卻說此女姿色冠絕江南,孽龍遂來結拜刺史賈玉。賈玉問曰:「先生何人也?」答曰:「小人姓慎名郎,自幼頗通經典,不意名途淹滯,莫能上達,今作南北經商之客耳。因往南國販其貨,今得明珠數斜,生乃無處作用。茲者特來獻與使君。伏望笑留,幸甚。」賈使君曰:「此寶乃先生心力所求,況汝我萍水相逢,素無心□,吾豈敢受此厚賜哉?」再三推拒不受。慎郎獻之甚切,使君遂不得已而受之。留住數日,使君見慎郎禮貌謙恭,丰姿美麗,琴棋書畫件件皆能,弓矢干戈般般慣熟,使君遂謂慎郎曰:「吾有一女,未曾許配他人,今當配汝為妻,汝意若何?」慎郎鞠躬,致謝而退。慎郎又將珍寶厚賄使君親信之人,悉皆稱贊慎郎之德。使君乃擇吉日,將其女與慎郎成親,不在話下。

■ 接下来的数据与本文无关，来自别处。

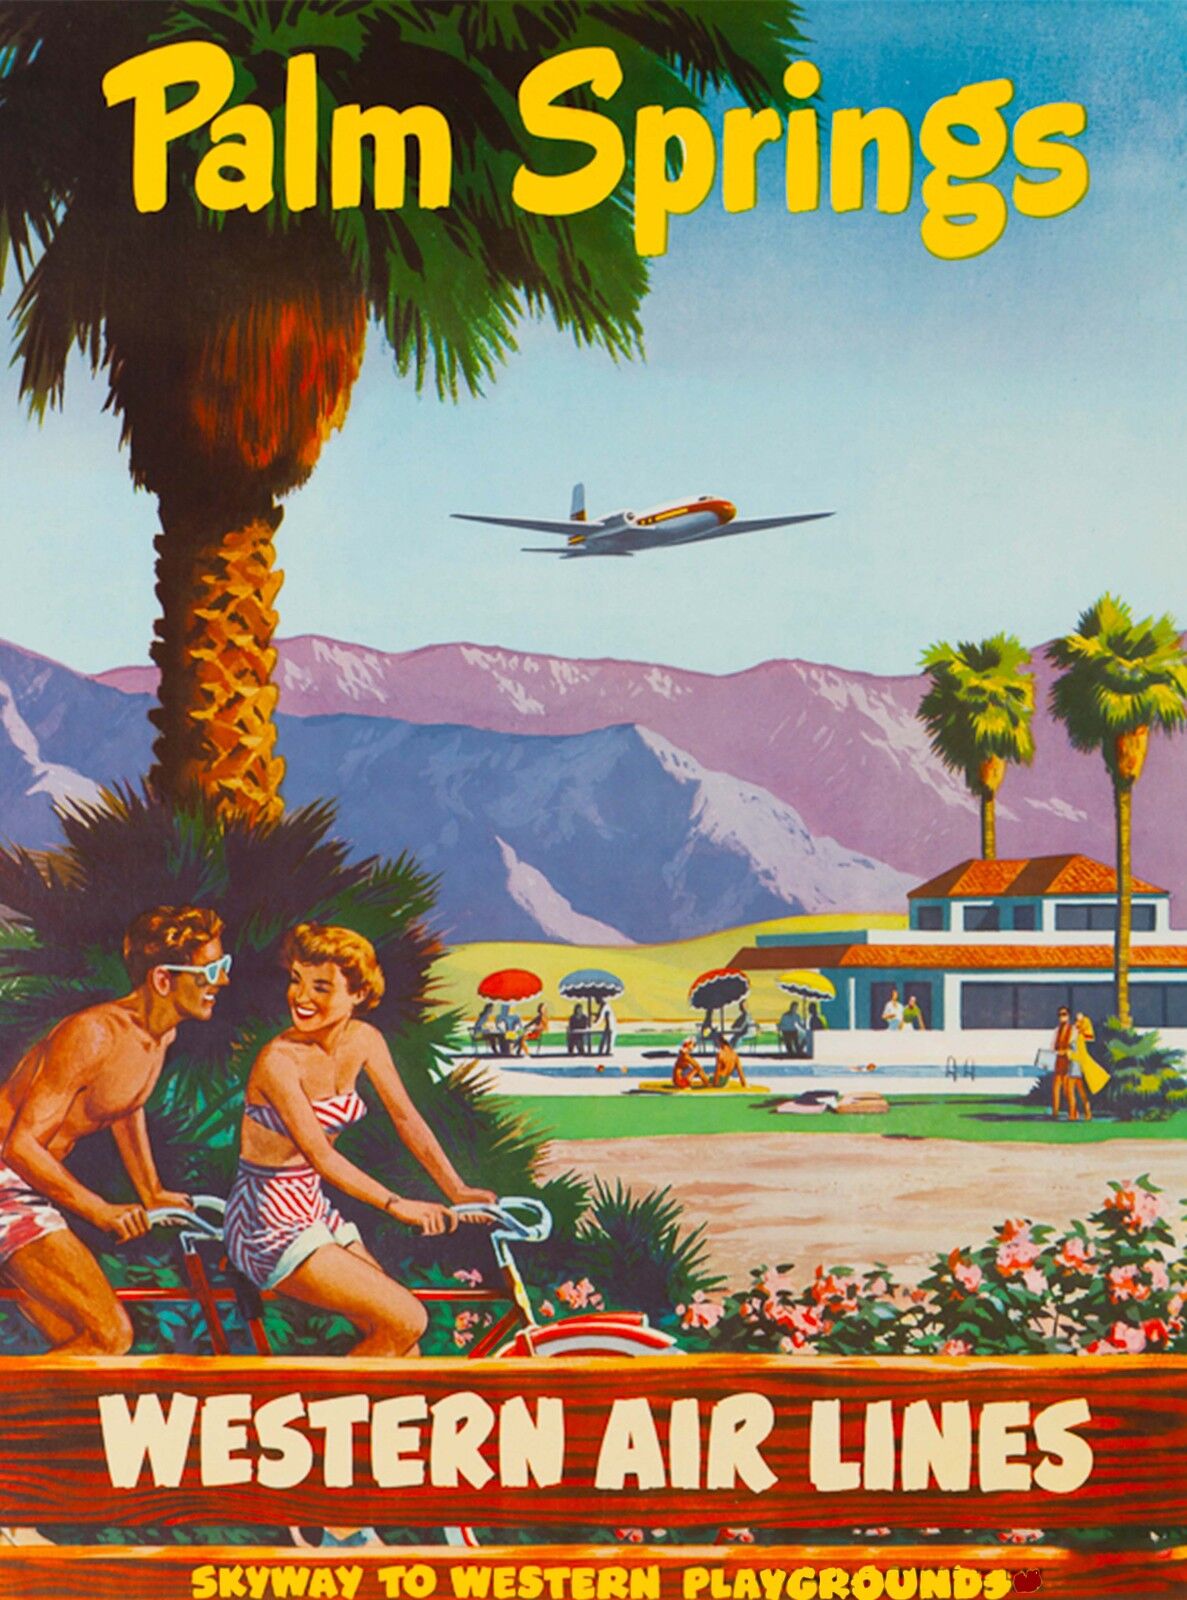 Palm Springs California United States Western Travel Advertisement Poster

卻說慎郎既在賈使君府中,成婚以後,歲遇春夏之時,則告稟使君,托言出遊江湖,經商買賣。至秋冬之時,則重載船隻而歸,皆是奇珍異寶。使君大喜曰:「吾得佳婿矣。」蓋不知其為蛟精也。所得寶財寶貨,皆困春夏大水,覆人舟船,搶人財寶,裝載而歸。慎郎既贅使君府中,計有三年,復生三子。
一日慎郎尋思起來,不勝忿怒,曰:「吾家世居豫章,子孫族類一千餘眾,皆被許遜滅絕。破我巢穴,使我無容身之地。雖然潛居此地,其實怨恨難消。今既歲久,諒許遜不復知有我也,我今欲回豫章,大興洪水,潰沒城郡,仍滅取許遜之族,報復前仇,方消此恨。」言罷,來見使君。使君問曰:「賢婿有何話說?」慎郎曰:「貧婿自思男子者志在四方,豈能向故園空老?方今春風和暖,正宜出外經商,特來拜辭岳丈前去。家中妻子、大小事務,望岳丈看顧。」使君曰:「賢婿放心前去,不必多憂。若得充囊之利,早回馬首之鞭。」言罷,分別而去。
時晉永嘉七年,真君與其徒甘戰、施岑周覽城邑,遍尋蛟孽,杳無蹤跡,已三年矣。今且置之度外去了。不想道這個孽龍自家卻來尋死。忽一日,變一少年子弟,丰姿美貌,衣冠俊偉,稱言吳地人氏,來謁真君。道童通報畢,真君命其入見。真君問曰:「先生何處人也?」少年曰:「小生姓慎名郎,金陵人氏。久聞賢公有斡旋天地之手,懾伏孽龍之功,海內少二,寰中寡雙。小生特來過訪,別無他意,蓋欲遂識荊之願爾。」真君曰:「孽精未除,徒負虛名,可愧,可愧!」真君言罷,其少年告辭而出,真君送而別之。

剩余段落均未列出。